In our corner of the stands, four of my wrestlers leaned back onto duffel bags and pillows, half-asleep again now that the match was over. Oberg and Hentges were talking to their parents, and Mr. Hentges rubbed his son’s head and laughed his loud, braying laugh that drew rude looks from the other school’s team camped next to us. My headache intensified.
All alone, Mark sat listening to his headphones. Underneath his red warm-up hood, his face was pale and colorless from starving himself all week to make weight, which he did—barely—this morning at the seven a.m. weigh-ins. He held a bunched-up Subway wrapper in his hand that I could tell he didn’t want me to see.
His mother sat behind him, alone, and she looked away when she saw me. Sarah wasn’t there, but I knew I’d seen her. Instead of sitting down, I crossed the gym again, dodging other coaches and athletes and parents, and made my way to the concession stand. I’d kill anyone who got in the way of my cup of coffee this morning.
“Andy,” a voice said from behind me. “I really don’t want to argue with you today. I just came to watch Mark wrestle.”
“Sure. No problem.” I turned, and my headache vanished when I saw here.
Sarah wore a red Pendragons sweatshirt, the dragon mascot looking less menacing over the soft curves of her chest. A clip at the top of her head held up her light blonde hair. She wasn’t smiling, but she still looked good. I loosened my tie and waited for her to say something more.
She folded her program in half, then folded it in half again. “Come on,” she began. “I meant what I said last weekend. I just need some time for myself and school.”
“Don’t give me that tired shit again,” I said, my voice gravelly and low. She pulled her body back the tiniest bit when I swore, glancing behind her quickly. “If you don’t want to see me, tell me why. Don’t give me excuses.”

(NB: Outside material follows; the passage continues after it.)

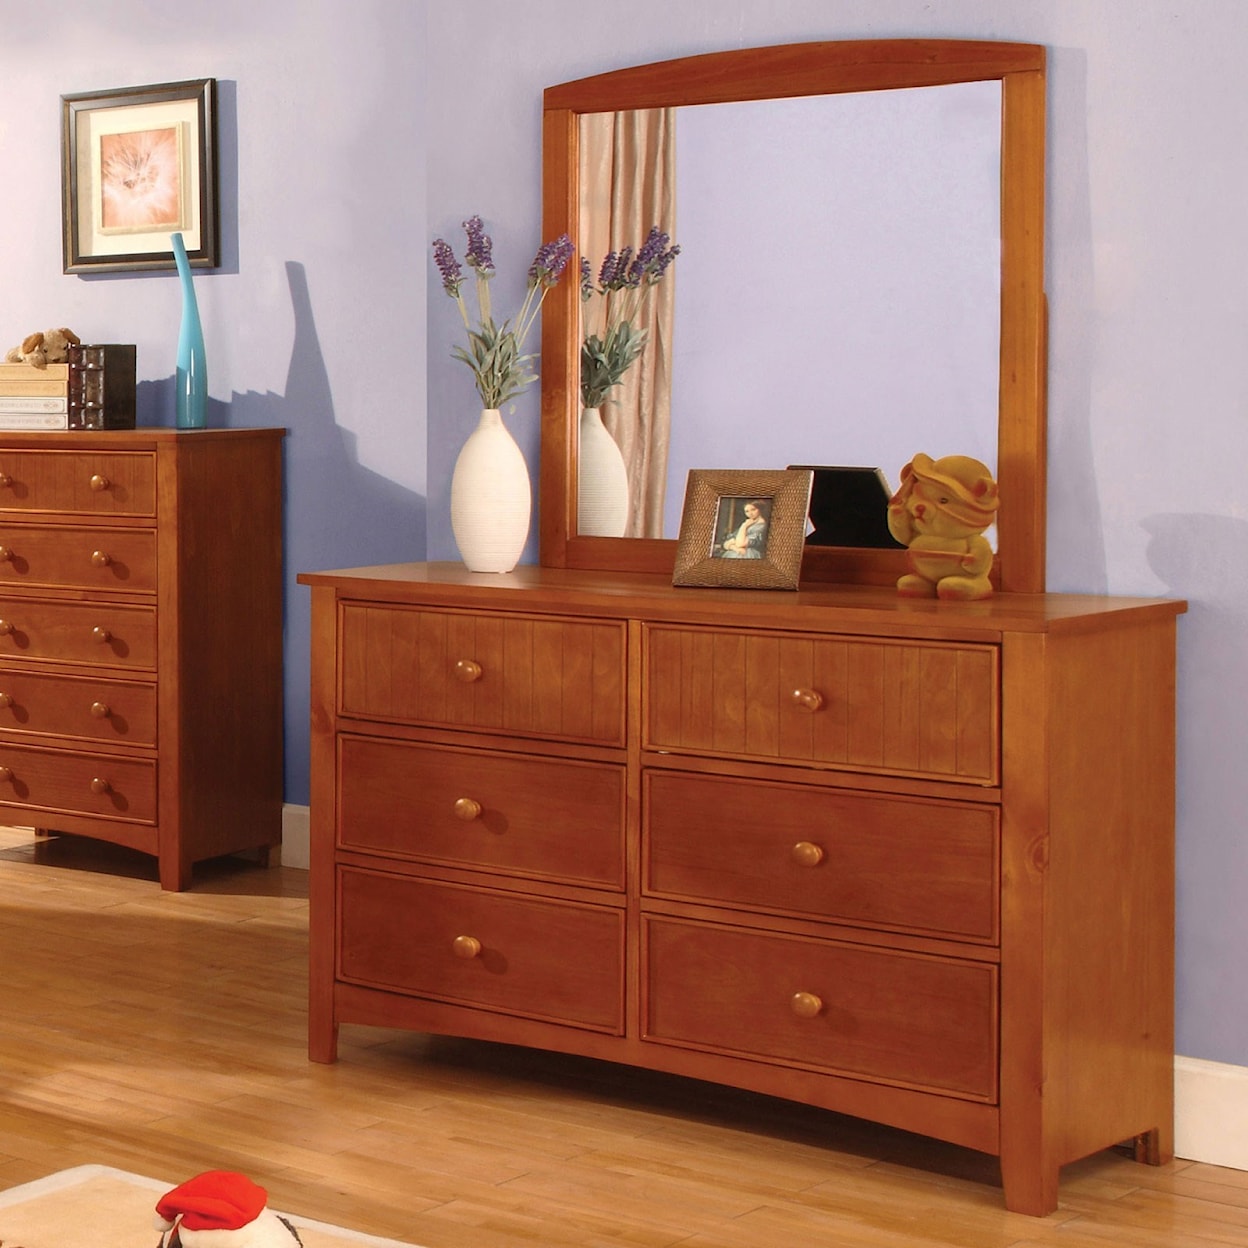 Furniture of America Omnus Dresser and Mirror
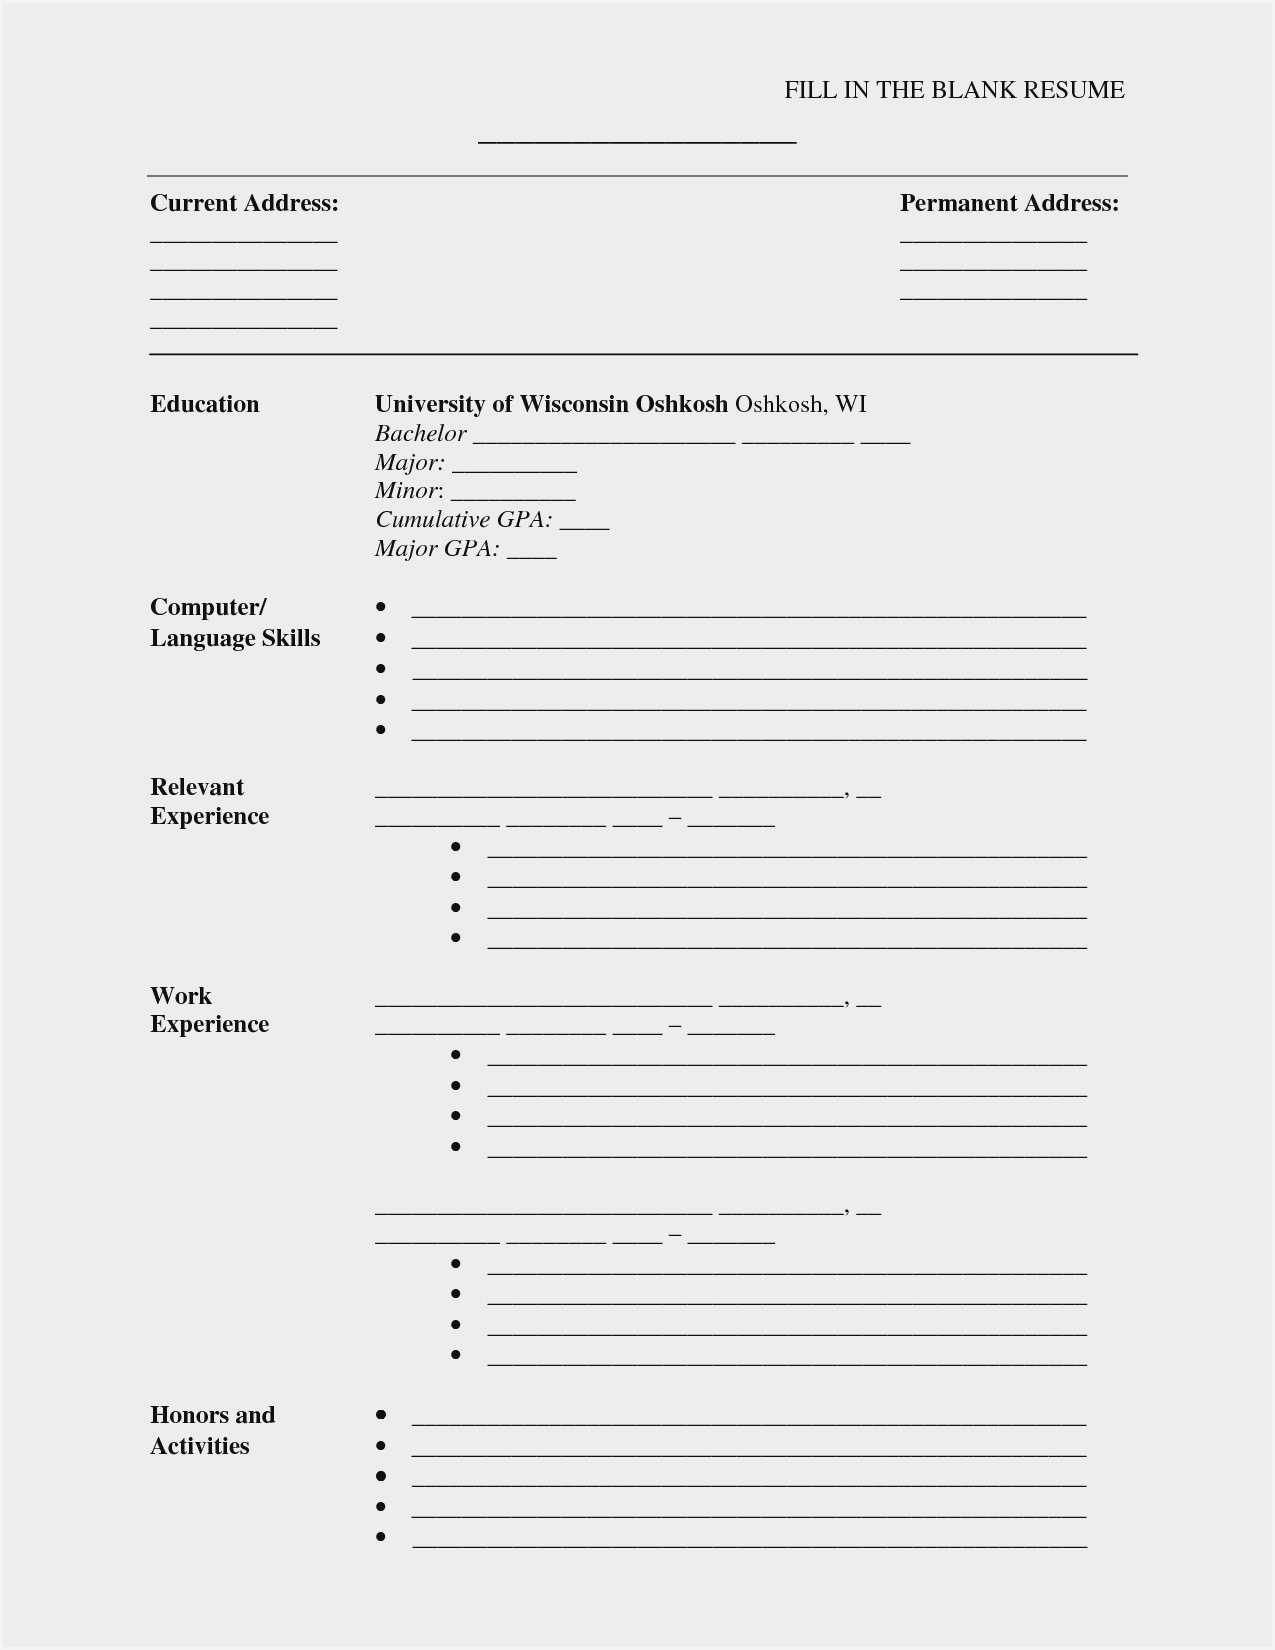 Resume Blank Format Free Download – Resume : Resume Sample #2712 Regarding Free Bio Template Fill In Blank

Sarah watched me with her head turned slightly while I talked, as if trying to gauge how upset I was. In the gym, a coach yelled instructions to his wrestler in a desperate voice, sounding like a frantic mother.
She dropped her eyes and turned toward the gym doors. “Let’s talk later. I need to get back and watch Mark wrestle.” She stopped and looked at me again. “And anyway, aren’t you supposed to be in there coaching your team?”
“Fuck the team,” I said, knowing she would wince. Sometimes I had the need to get the last word, whether the conversation was over or not. Her blue eyes became narrow and guarded. “Bud can handle them. You and I need to clear this up right now.”
Sarah walked off before I could finish. Her long legs carried her back into the gym, leaving me alone again. The coach continued yelling inside the gym, and I hoped someone was listening to the poor guy. I licked my dry lips and glanced at the two teenage boys who had arrived to work at the concession stand. They were watching Sarah leave, small smiles on their faces.
I slapped a dollar on the counter and squinted at them when they jumped.
“A large coffee, please.” My eyes felt dry and sore. The first boy, wearing faded jeans and his school’s football jersey, filled a Styrofoam cup from a big thermos.
“Don’t grow up, you guys,” I said. “Stay young, and stay out of trouble.”
Grinning uncomfortably, the boys didn’t say anything back.
I grabbed my coffee, listening to the desperate coach’s voice in the gym fall when a sharp whistle blew.